N_s = sample size = 900. μ_s = mean of the sample = 3.4 cm
σ_s = Standard deviation of the sample = 2.61 cm
Population mean μ₀ =3.25
Population standard deviation = σ₀ = 2.61 cm
student's t = (μ_s - μ₀) / [σ_s / √N_s ]
t = (3.4 - 3.25) * √900 / 2.61 = 1.7241
the probability that -1.7241 <= t <= 1.7241 from the
students t distribution table or from a website that calculates these.
Here the degrees of freedom (d.f) are 899 = N_s - 1. Sample size is 900.
The probability we get is 0.915. Hence, we can say that the sample belongs to the
population with a probability 0.915 or a confidence level of 91.5%.

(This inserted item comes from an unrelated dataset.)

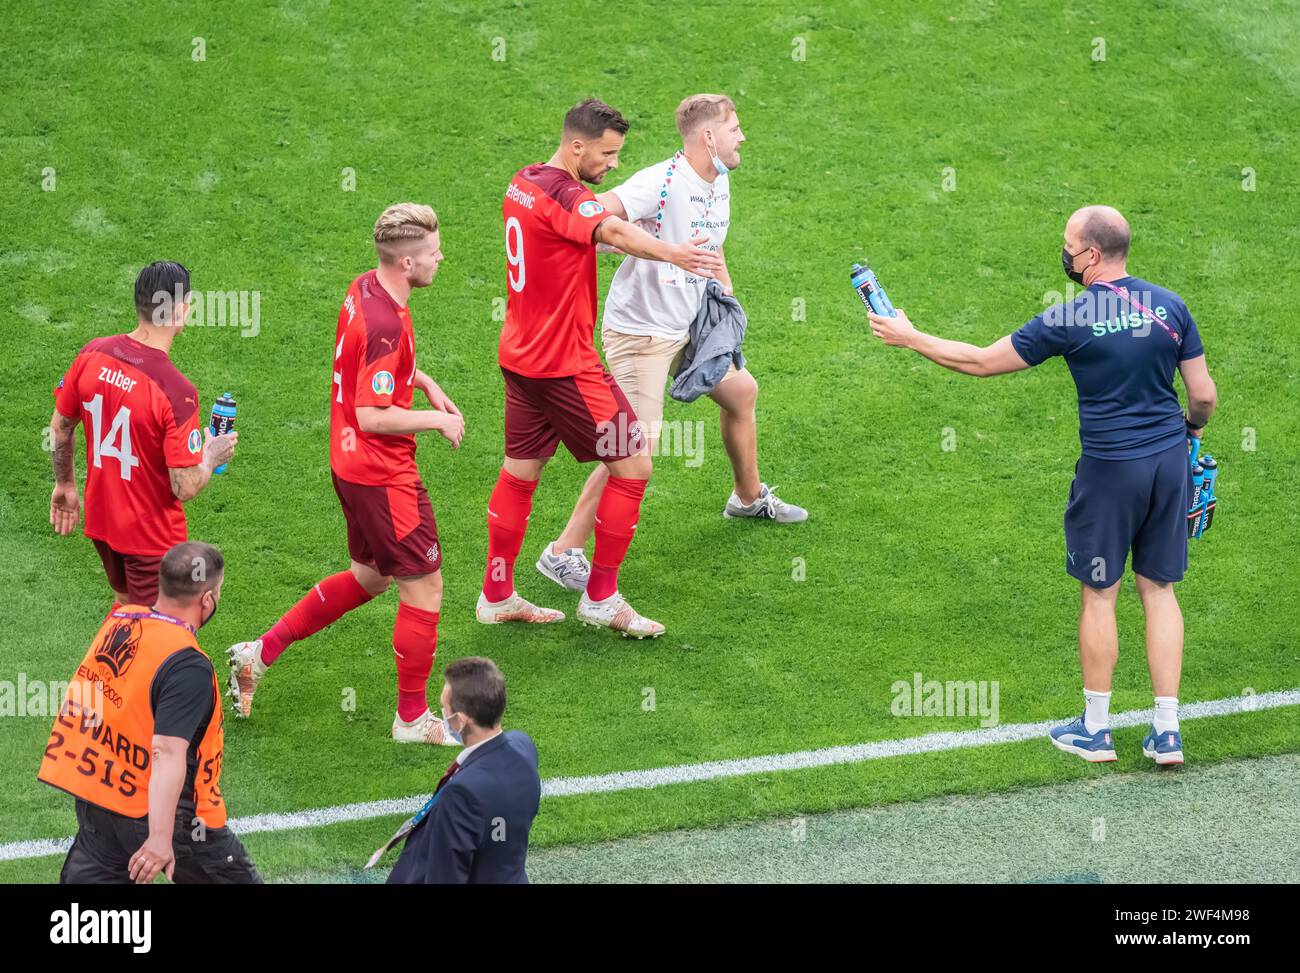 Saint Petersburg, Russia – July 2, 2021. Switzerland players Steven Zuber, Nico Elvedi and Haris Seferovic escoring a pitch invader from the pitch dur Stock Photo

The population is normal. we don't know its mean. We know sample size, mean and standard deviation. We are given confidence level 95% = 0.95
Normal distribution variable:
Z = (μ_s - μ₀) / (σ_s/√N_s)
Here σ_s = 2.61 cm, N_s = 900
We consult the Standard Normal Distribution tables. We find z such that
P(0 <= Z <= z ) = 0.95/2 = 0.475,
or from the cumulative standard distribution table we find z such that :
P(-∞ < Z <= z ) = 0.5 + 0.95/2 = 0.975
Either way, we get the value z of variable Z for which the probability
P( -z <= Z <= z) = 95% = 0.95 is z = 1.96
-1.96 <= Z <= 1.96
-1.96 * σ_s <= √N_s * (μ_s - μ₀) <= 1.96 * σ_s
- 0.1705 <= (μ_s - μ₀) <= 0.1705 cm
As, μ_s = 3.4 cm :
3.4 - 0.1705 <= μ₀ <= 3.4+0.1705 cm
ie., range [3.23 cm , 3.57 ]
That will be the range of the population mean that we will estimate from the available sample data.